You might say, “No wonder they didn’t waste ink on you.” But “hard-working”, “attentive” and “promising” pupils received the one-word treatment too. However, they got a pound extra pocket money and their back patted, while I had the pound taken away and my bum slapped.

Positive or negative, what typified those dash-em-off reports was the frequent focus on personal qualities. Whether character assassinations or compliments, they told parents little about how their child could improve academically. To be fair, my mum was happy to leave that to the school. She was busy slagging off Thatcher and stocking up on candles in case of strikes.

Still, it wasn’t ideal.

Boy, has the pendulum swung. Now a teacher myself, I wonder what parents think of the impersonal, over-formal, euphemistic reports we send them.

Over-formal language

At least “feckless” and “lazy” were honest, clear words. Now, there’s a danger that we smother reports in obscure eduspeak. It took me years to master this strange language myself, with its assessment objectives, attainment targets, CATs, PATs, and Sats. So, why should we inflict it on parents? Also, why can’t I write “Matthew truly understands how Shakespeare’s play makes an audience laugh” rather than “Matthew has effectively grasped the comedic elements inherent in Shakespeare’s drama” as though I’m channelling Olivier?

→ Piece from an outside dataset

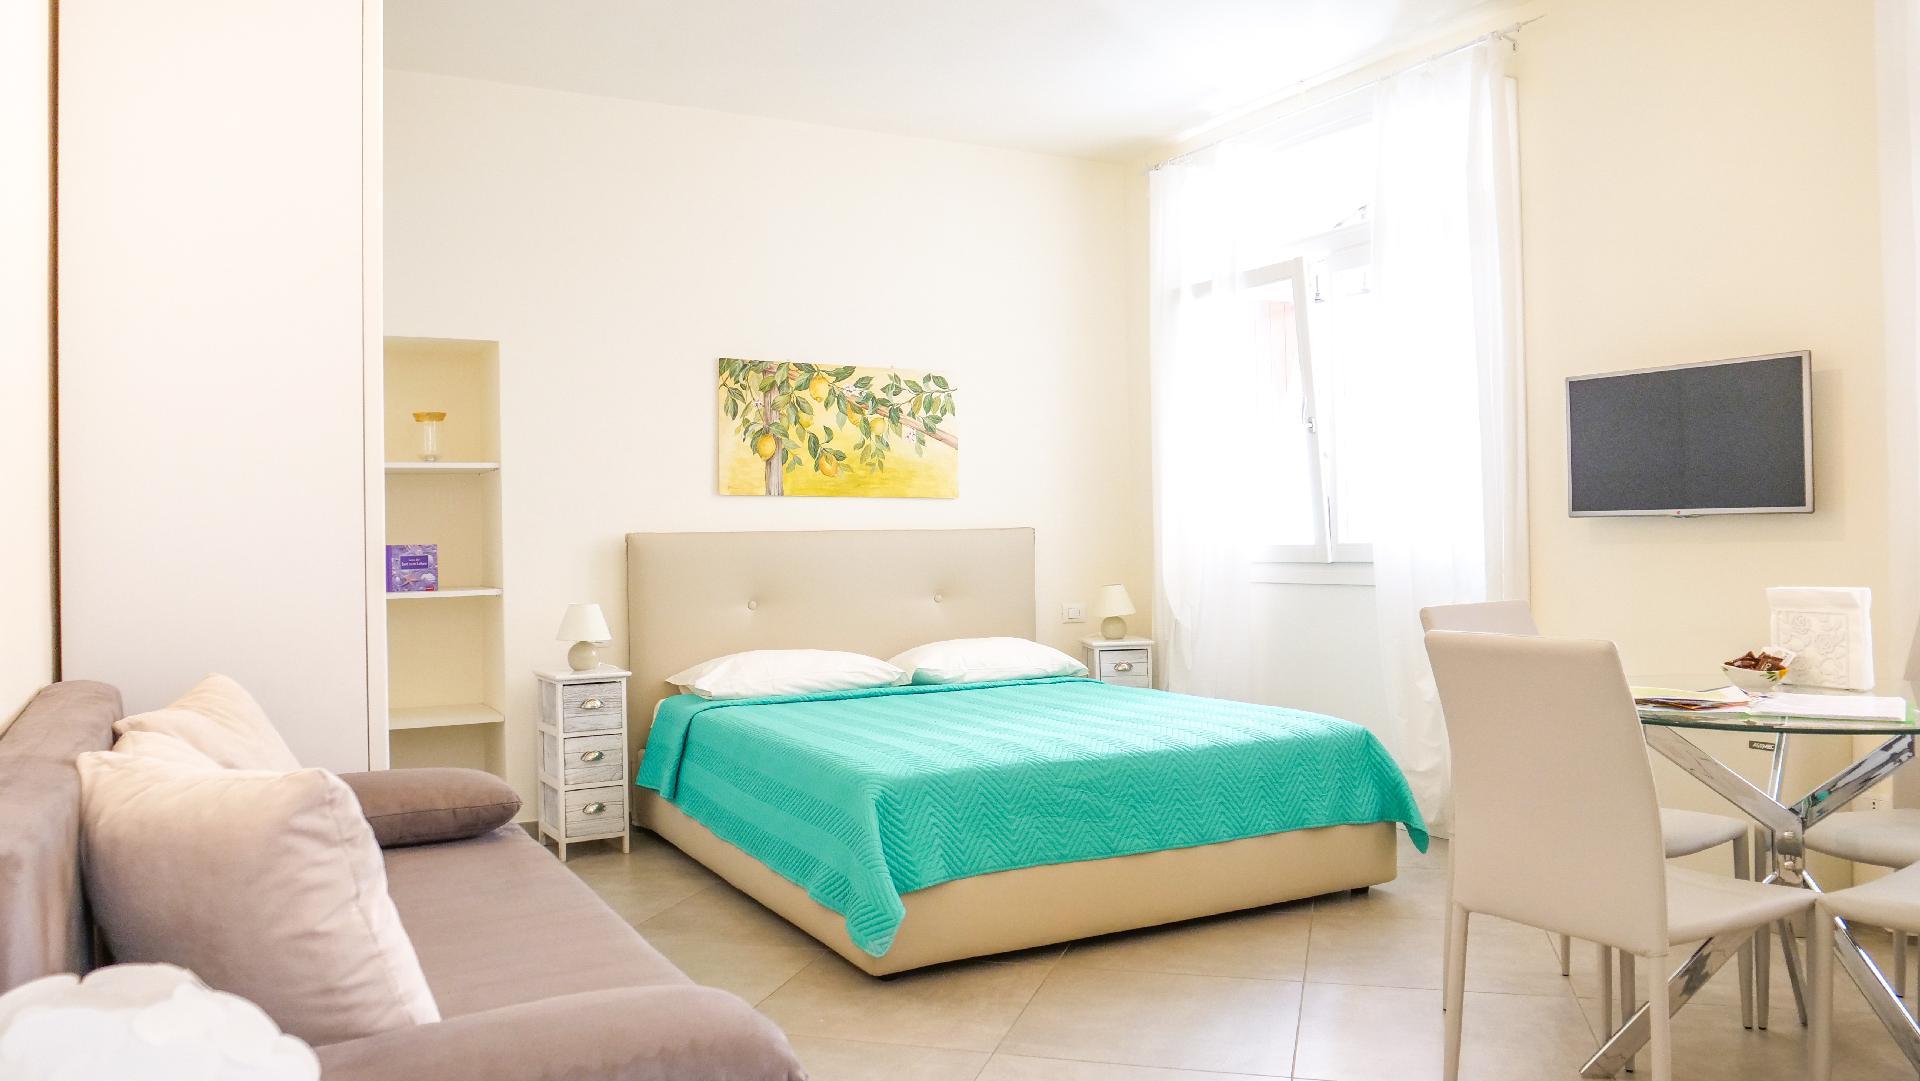 Studio für 2 Personen  + 1 Kind ca. 43 m²   Toscolano Maderno

I’m not implying that parents don’t understand the formal language. I’m saying it makes the report impersonal and robotic, as though the child is an academic project, not a human. Furthermore, the average GCSE pupil will study between 10 and 12 subjects. Do parents read all those reports, or do they turn to New Scientist or The Economist for something lighter?

I love euphemism, in the right context. But I don’t like using it in reports, being nice and kind and gooey, even about someone who never shuts up, doesn’t do homework, and pokes other people with sharp pencils … “Sian’s understanding of when to contribute her strong opinions and her ability to meet deadlines are still in development. She must learn to respect other people’s personal space and their need not to be perforated.”

‘Who are these reports for?’

I don’t think we need to patronise parents like this. Or the children.

Some schools I’ve worked in have some very strange report-writing conventions. For instance, how do parents react when their child, who’s been Lizzie since she was two days old, and is called Lizzie by teachers, friends, relations, and dogs in the street, returns to being Elizabeth in all her school reports just for formality’s sake?

In one school, I was not allowed to use an exclamation mark after “Well done”, which made it flat, as if I’d had it forced out of me under torture. And in another, I was not allowed to use the abbreviation “exam”, even though that is what the whole world calls them.

What purpose do these rules serve? Who are we doing it for?

At least when my mum read reports calling me “feckless”, she’d say, “Oh, they’ve got you sussed all right.”

I’m not sure that happens so much now.